A key Bolshevik argument against the legitimacy of the Constituent Assembly once it was elected was the fact that the lists had been finalized before the Left SRs constituted themselves as a separate party, and that if the Left SRs had stood separately the Bolshevik and Left SR would have won the majority vote. This was despite the Left SR's eventual opposition to the closure of the Constituent Assembly by the Bolsheviks. Per Serge's account, 40 of 339 elected SR deputies were leftists and 50 belong to Chernov's centrist faction. Smith points out that though the association with Soviet power strengthened the PLSR popularity in the countryside, the schism did not transform the PLSR overnight into a large and well-organized political party, and during the following months of 1918 the PSR managed to regain control over some of the soviets and local branches it lost to the left.

Bolsheviks
In 1917 the Central Committee of the Russian Social-Democratic Labour Party (Bolsheviks) had begun to allow mass membership, without consulting with Lenin. On July 1, 1917 the Central Committee sent out an instruction to local party organizations to build a broad democratic unity ahead of the elections, to reach out to Menshevik-Internationalists, left-wing SRs and trade unions. In the wake of the abortive July uprising (organized by the revolutionary Petrograd Bolshevik Committee and the Military Organization), the moderates of the Central Committee again appealed to build a left socialist bloc and invited the Menshevik-Internationalists to attend the upcoming party congress as observers. With the election finally approaching, Lenin took a tough stance towards the Central Committee. He deplored the absence of proletarians from the list of proposed candidates that the Central Committee had adopted, charging the Committee with opening the doors for opportunists. In Lenin's view, only workers would be able to create alliances with the peasantry. Lenin also criticised the list for including many recent arrivals to the party who had not yet been tested in "proletarian work in our Party's spirit." While Lenin believed that some new members of the Bolsheviks, in particular Leon Trotsky (who had fought for the merger of his Mezhraiontsy faction into the Bolshevik Party since his return to Russia and had "proved himself equal to the task and a loyal supporter of the party of the revolutionary proletariat"), were acceptable candidates, placing large numbers of untested new members on the Bolshevik ballot opened the party's doors to careerism.

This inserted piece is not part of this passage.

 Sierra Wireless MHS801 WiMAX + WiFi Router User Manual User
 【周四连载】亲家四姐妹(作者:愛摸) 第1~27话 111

The Russian Social-Democratic Labour Party (Bolsheviks) campaigned for bread, peace and a government of Soviets. But the party leadership was divided on the issue of the Constituent Assembly. The moderates in the Central Committee held the opinion that the Constituent Assembly should become the supreme body to decide the future path of Russia. Lenin opposed this line. In an article edited after the elections, he stated that the proletariat cannot achieve victory if it does not win the majority of the population to its side. But to limit that winning to polling a majority of votes in an election under the rule of the bourgeoisie, or to make it the condition for it, is crass stupidity, or else sheer deception of the workers. In order to win the majority of the population to its side the proletariat must, in the first place, overthrow the bourgeoisie and seize state power; secondly, it must introduce Soviet power and completely smash the old state apparatus, whereby it immediately undermines the rule, prestige and influence of the bourgeoisie and petty-bourgeois compromisers over the non-proletarian working people. Thirdly, it must entirely destroy the influence of the bourgeoisie and petty-bourgeois compromisers over the majority of the non-proletarian masses by satisfying their economic needs in a revolutionary way at the expense of the exploiters.

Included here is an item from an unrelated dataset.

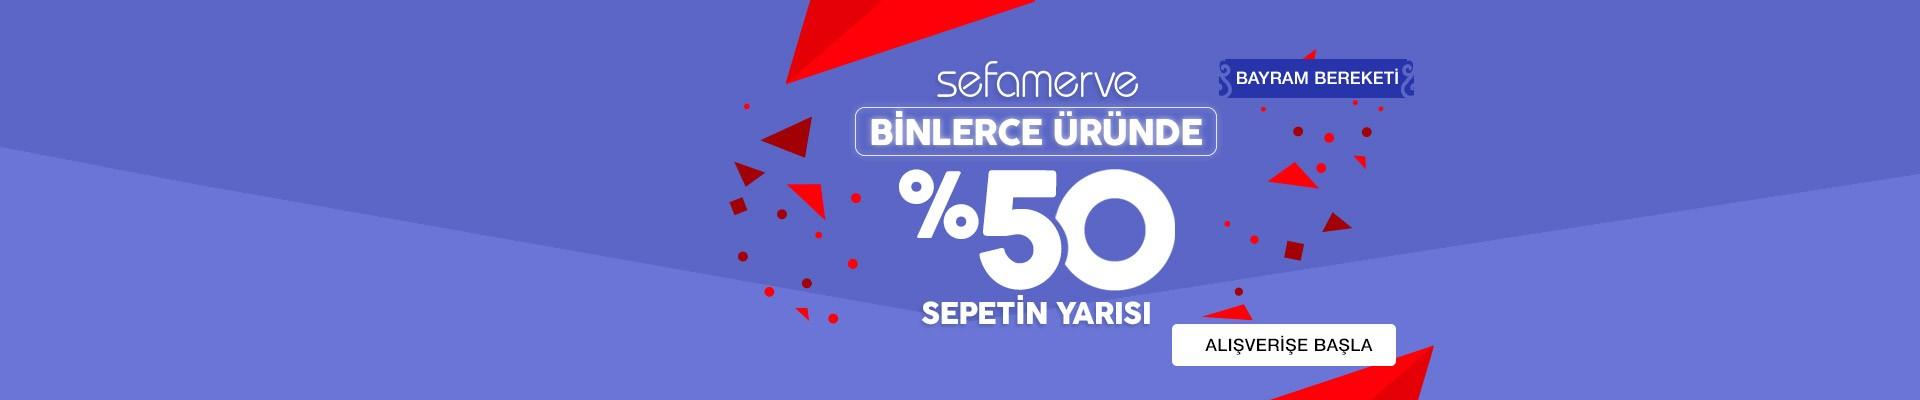 SEFAMERVE BİNLERCE ÜRÜNDE %50 SEPETİN YARISI

The party emerged victorious in the two main cities; Petrograd and Moscow, and emerged the major party in urban Russia overall. It won an absolute majority of votes in the Baltic Fleet, the Northern Front and the Western Front. The call for immediate peace made the Bolsheviks popular in the military, winning around 42% of the votes from the armed forces. Often the election result is portrayed as an indicator for impopularity of the Bolsheviks, but as per Victor Serge the strong showing of the Bolshevik vote in the main cities 18 days after the October Revolution broke out shows that there was a popular mandate from the industrial workers for the Revolution.

Mensheviks
By the time of the election, the Mensheviks had lost most of their influence in the workers' soviets. The election result confirmed the marginalization of the Mensheviks, obtaining a little over a million votes. In a fifth of the constituencies, pro-war Mensheviks and Internationalists ran on competing slates and in Petrograd and Kharkov the defencists had set up their own local organizations. Nearly half of the Menshevik vote came from Georgia.

Kadets
The Kadet party had changed its name to 'People's Freedom Party' by 1917, but the new name was rarely used. Kadets campaigned for national unity, law and order, honour commitments to the allies of Russia and 'honorable peace'. The Kadets condemned Bolsheviks in election campaign. The Kadets had sought to build a broad democratic coalition, setting up a liaison committee for alliances (Vladimir Dmitrievich Nabokov, Andrei Ivanovich Shingarev and M. S. Adzhemov) but this effort failed as the Popular Socialists and cooperative movement rejected electoral pacts with the Kadets.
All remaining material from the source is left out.